To regenerate all journal paper figures from the curated data:
pip install -r code/requirements.txt
bash data/reproduce.sh
This runs the temporal analysis pipeline (~42 seconds) using the embeddings and edge list in data/, producing all figures in comp-net-2025-journal/paper/figures/temporal/.

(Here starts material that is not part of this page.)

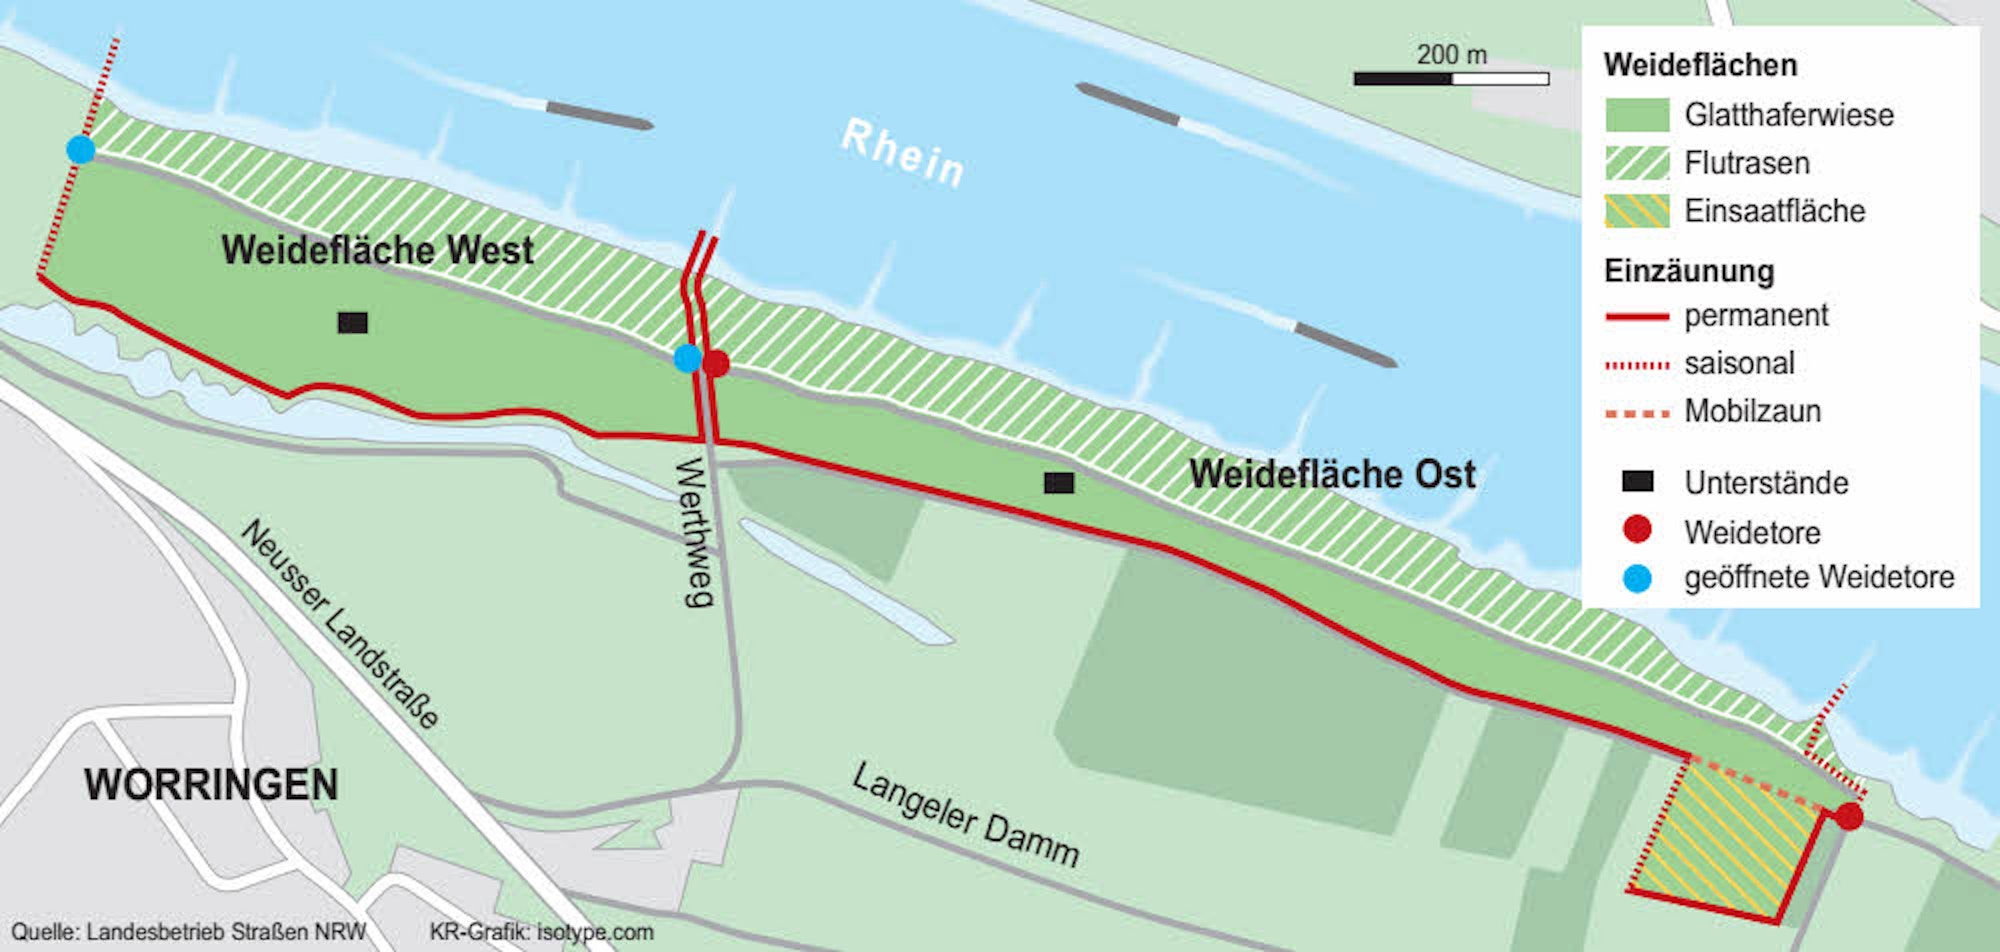 Vorbehaltlich der Zustimmung der Bezirksregierung könnte ein Kompromiss so aussehen, dass die linke Weidefläche frei und zugänglich bleibt, die Gatter offenstehen, so dass man vom Werthweg nach links abbiegen kann. Auch der Zugang zum Rhein bleibt frei.

Building the Pipeline from Scratch
To regenerate embeddings and networks from raw conversations (requires Ollama with nomic-embed-text):
pip install -r code/requirements.txt
cd code
python cli.py node-embeddings --input-dir <conversations-dir> \
--method role-aggregate --embedding-method llm --output-dir <output-dir>
python cli.py edges-gpu --input-dir <output-dir> --output-file edges.json
python cli.py cut-off --input-file edges.json --output-file filtered.json --cutoff 0.9
python cli.py export --nodes-dir <output-dir> --edges-file filtered.json --format gexf -o graph.gexf
The pipeline code is also available as a standalone package at chatgpt-complex-net (DOI: 10.5281/zenodo.15314235).
Citation
If you use this work, please cite the journal paper:
@article{towell2026temporal,
author = {Towell, Alexander and Matta, John},
title = {Temporal Evolution of Cognitive Knowledge Networks in AI-Assisted Conversations},
journal = {PLOS Complex Systems},
year = {2026},
note = {Submitted}
}
See CITATION.cff for machine-readable citation metadata.